Not only am I someone who rambles on about writing a crime novel and other stuff like stiffing it to the man (see post about the power of Twitter), I am also the author of a book I wish had been out when I first became a vegetarian 25 years ago. 

It's called Living Cruelty Free and it does what it says on the tin. It's not just aimed at vegetarians or vegans. It's aimed at anyone who wants to live a kinder life: one that's kinder to people and animals. This can mean anything from not wearing fur, to eating free range and avoiding the cruelest things on the planet like Foie gras (geese and ducks forcefed until their livers swell to many times their natural size).

Here's a sneak preview of the cover of the book that will be published in January 2012, firstly as an ebook. Then later in 2012 as a traditional book.



I blog about the topics in the book at http://greatestguidetolivingcrueltyfree.blogspot.com and also tweet as @veggiegirl2011

Wednesday 15 June 2011

The power of Twitter

If you’re one of these people who underestimated the power of sites like Twitter (like I did), here’s a tale that might make you change your mind.

I changed my existing BT Broadband package to another one. I’d got a better deal than what I’d been paying before (I was paying more than anyone else I knew for my package) and was pretty pleased about it.  Then I got a letter from BT saying that as I had cancelled my contract ‘early’ they were hitting me with a whopping £100 charge.

I was angry about this for a number of reasons –
  1. As far as I was concerned, my contract was already up. BT had not told me any different when I changed my broadband package.
  2. I had NOT been warned about any charged before I switched. Customers should always be made aware of charges BEFORE they change not after.
  3. It wasn’t like I was changing from BT to another supplier.

I was so incensed about what had happened, I emailed BT and then tweeted about it.

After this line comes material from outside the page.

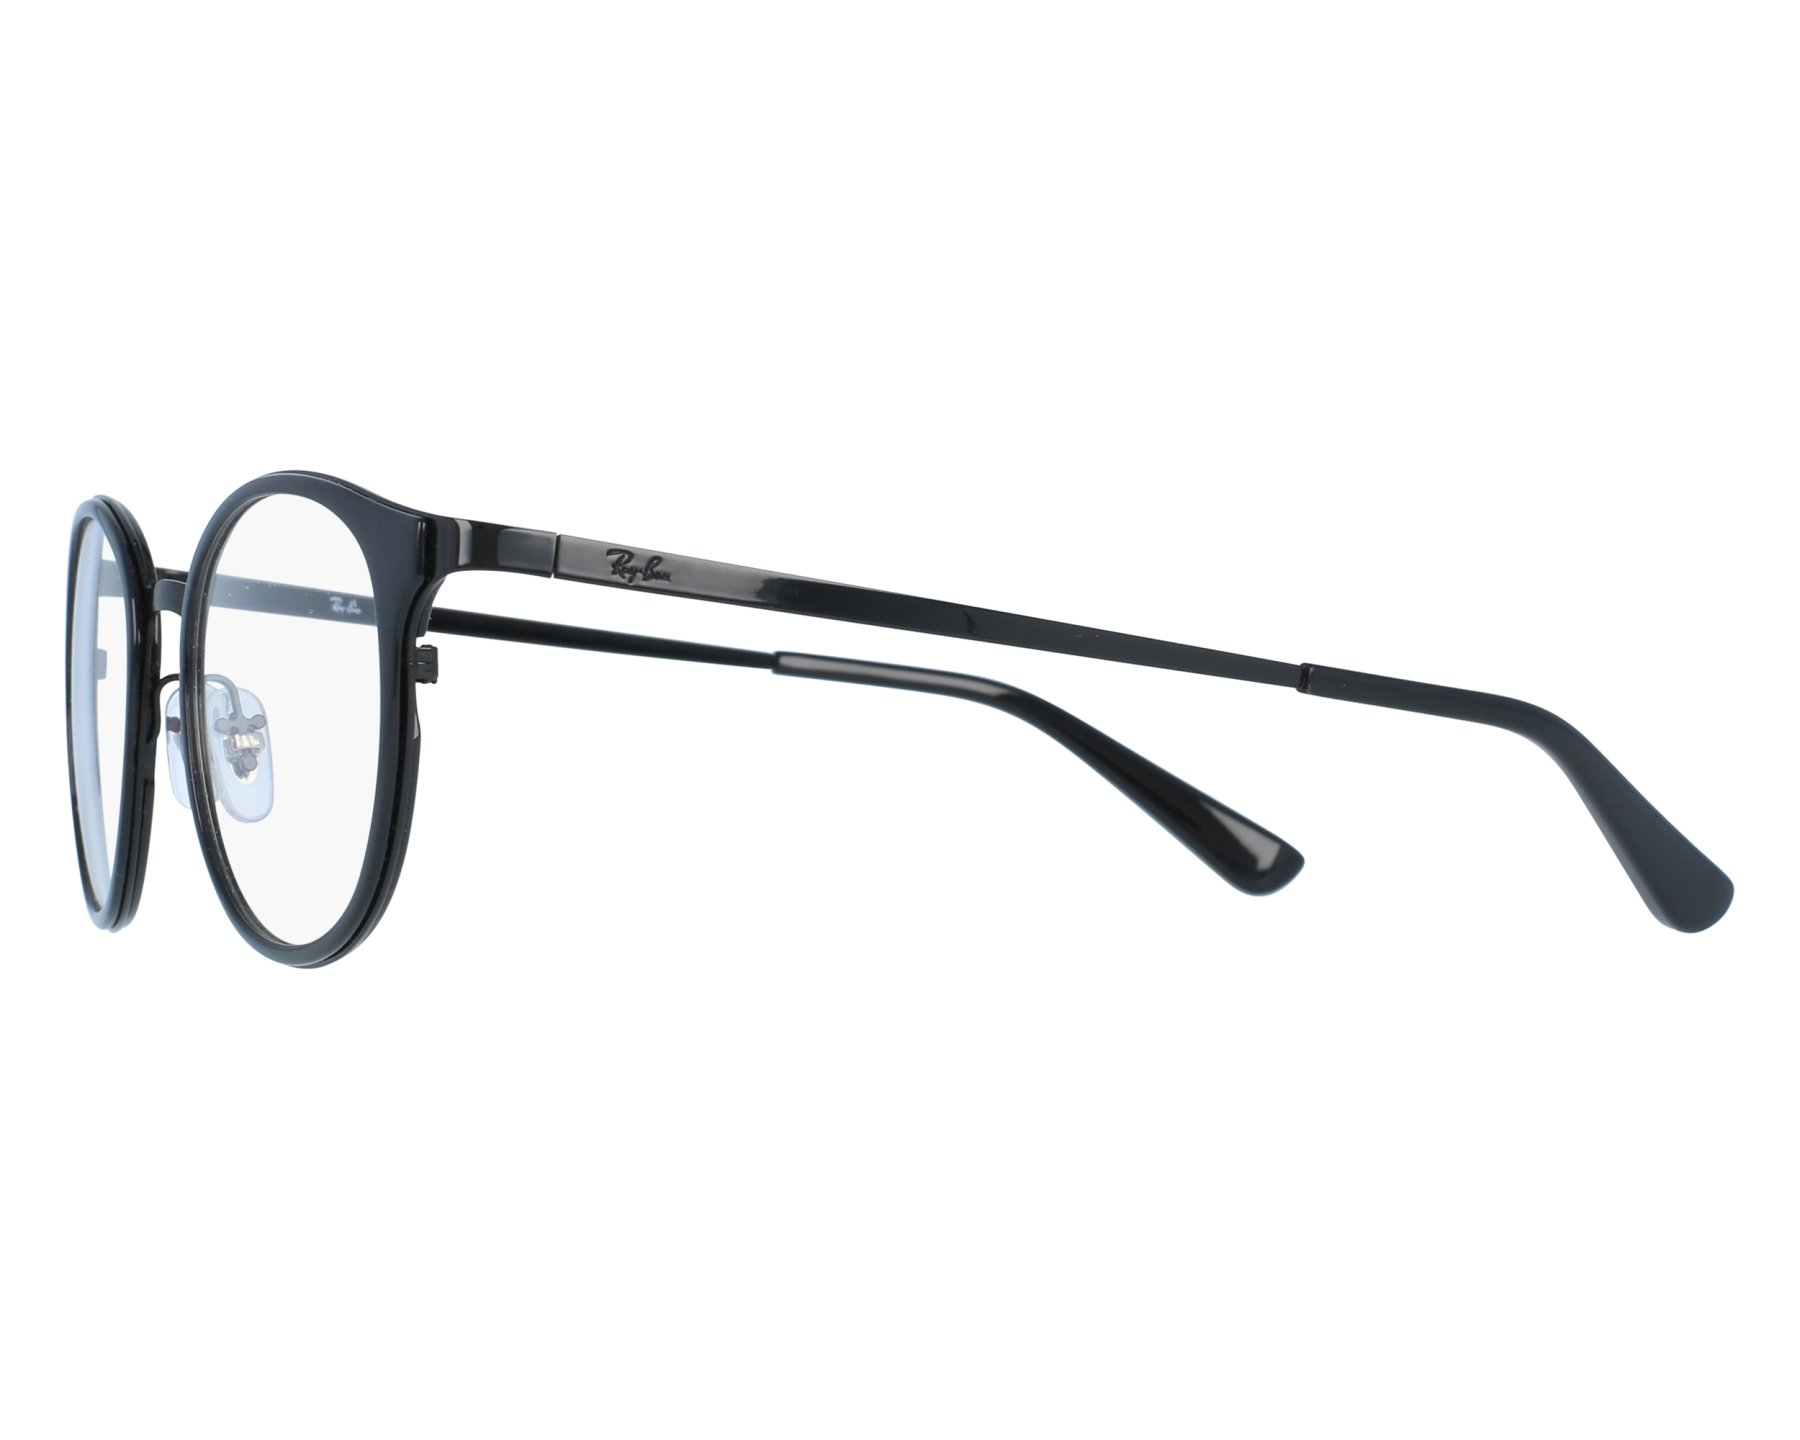 cc3ea934d22a3 eyeglasses Ray-Ban RX-6372-M 2509 50-19 Black front view

Two hours later I got an email saying they had seen my tweet and the charge had been made in error and they would refund me.

I also tweeted about an Amazon order that had failed to arrive and was a week late. Initially, Amazon had told me that I needed to wait another week before I would qualify for a refund. After they responded to my tweet I got a refund within hours.

The thing I have learned from all this is when you feel you are treated unfairly by a company by all means gets angry about it. Scream, shout and then when your anger calms down, tweet about it. You may be pleasantly surprised by the results. I know I am.